Is the term FGM cissexist? by Kalwinder Sandhu

The argument by some trans activists that the term Female Genital Mutilation is cissexist, and offensive to transgender people has caused much debate, frustration and anger from all sides. Transgender activists feel that the term is oppressive to them because it denies their identity of being woman and excludes them from being female.

A Unicef report (2013) states that FGM is practiced in 29 countries in the north-east, west and east of Africa and in some countries in Asia, and the Middle East. In the UK girls from migrant communities from these areas are also cut and mutilated.

Experiences of oppression are not solely forged out of how we identify with our gender. As females we are socialised as ‘women’ and ‘girls’. We experience oppression in many ways, through FGM, forced marriage, dowry etc; because of biology that we inherit at birth and how we are socialised and treated as women and girls. As Black and Minority Ethnic (BME) women the intersection of race together with our female bodies at birth, amongst other categories like social class and disability dictate the oppression that we experience. The oppression forges through the inequality that is of being woman.

FGM is performed on some BME girls because they are identified as girls by virtue of their biology. This social reality results in inferior treatment compared to males. Even if these girls later identify as transgender men, it will have no bearing on their subjugation from patriarchal forces that require females to be cut in order to be valued as “pure” within society. It is precisely because they are identified as girls that they experience the oppression of FGM. Their experiences and agency in response to oppression cannot be distorted, colonised, minimised, or erased.

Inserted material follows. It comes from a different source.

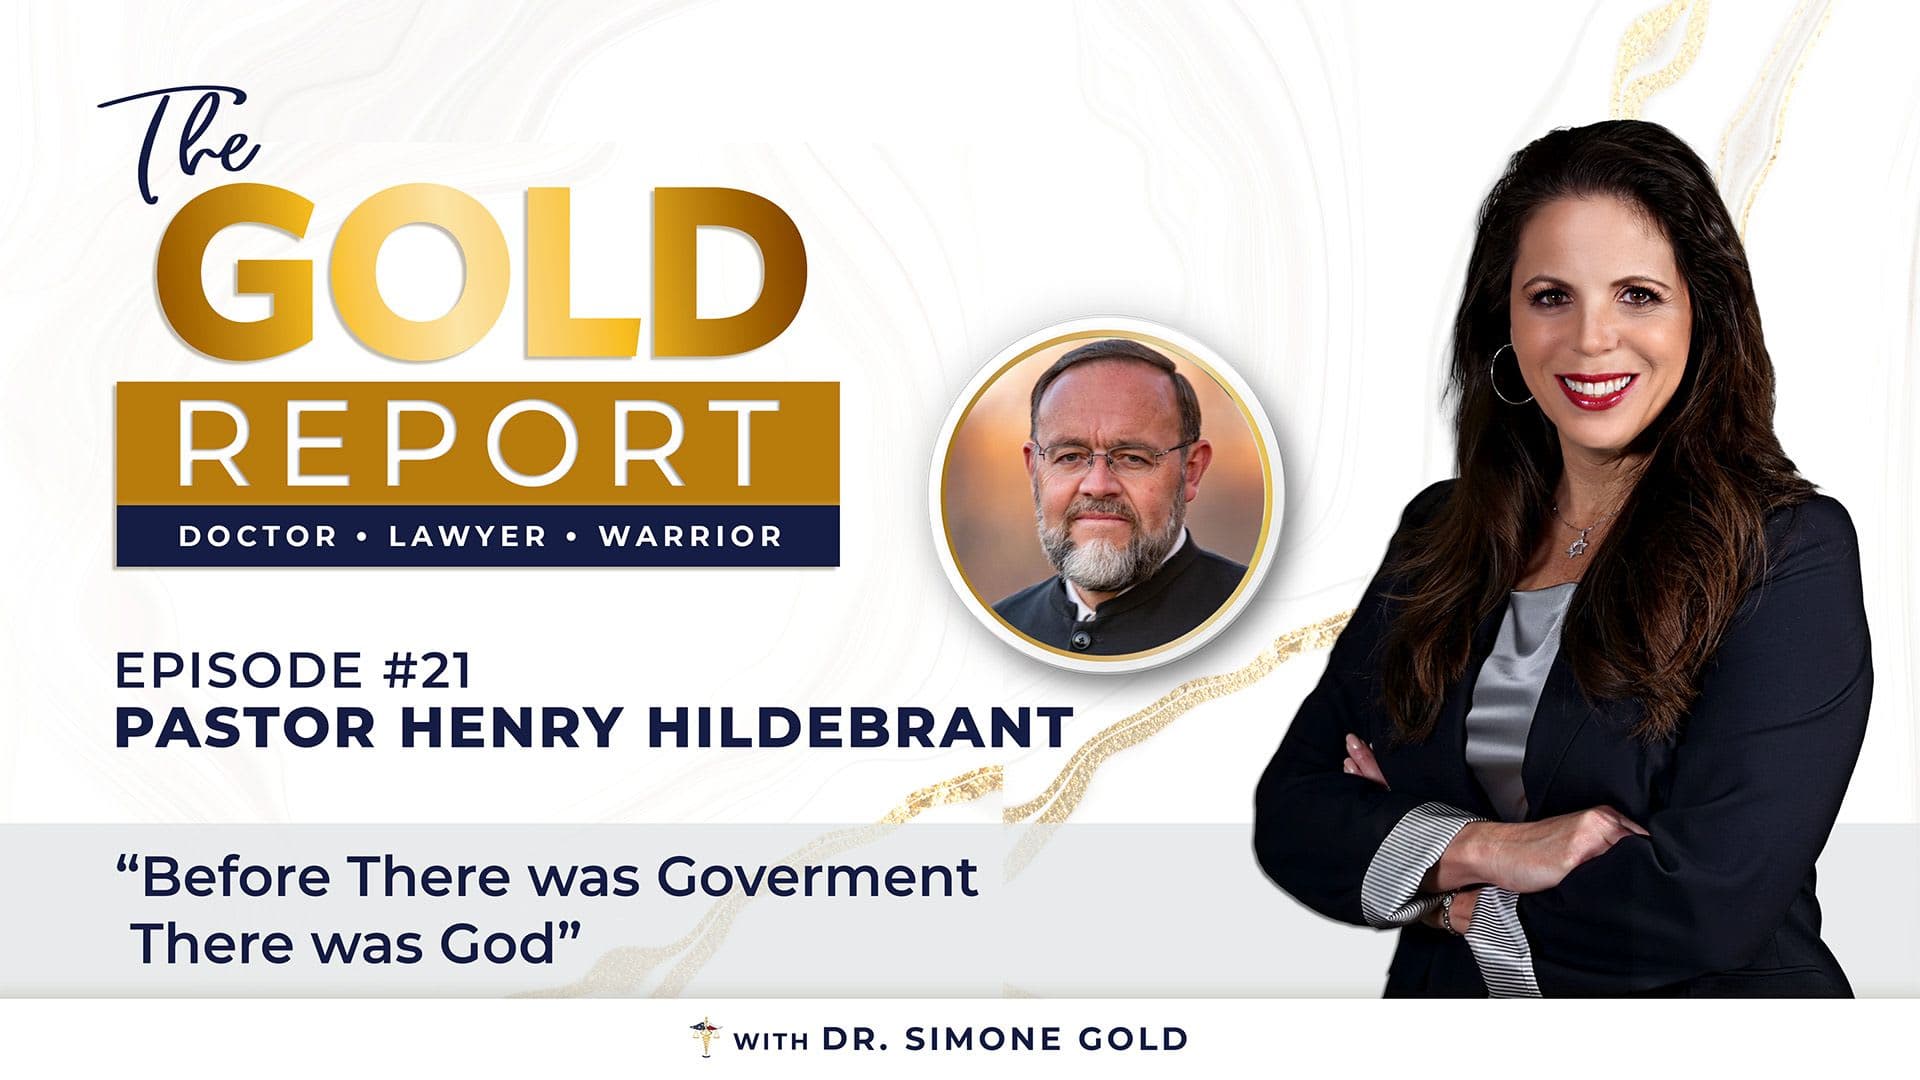 The Gold Report: Ep. 21 'Before There Was Government, There Was God' with Pastor Henry Hildebrandt

Transgender women’s experiences of oppression (transphobia) is dictated by their biology not ‘matching’ their gender identity and transgender women’s experiences of sexism are not dictated by their biology. This is not to say that transgender women and men do not experience oppression but to say that the experiences are different and specific. There is no moral high ground to be attained by arguing that one form of oppression is of more significance than another.

What troubles me about the argument that the term FGM is cissexist and should be eradicated, is that yet again specific experiences of oppression are being wiped out as a result of viewing FGM though a western lens.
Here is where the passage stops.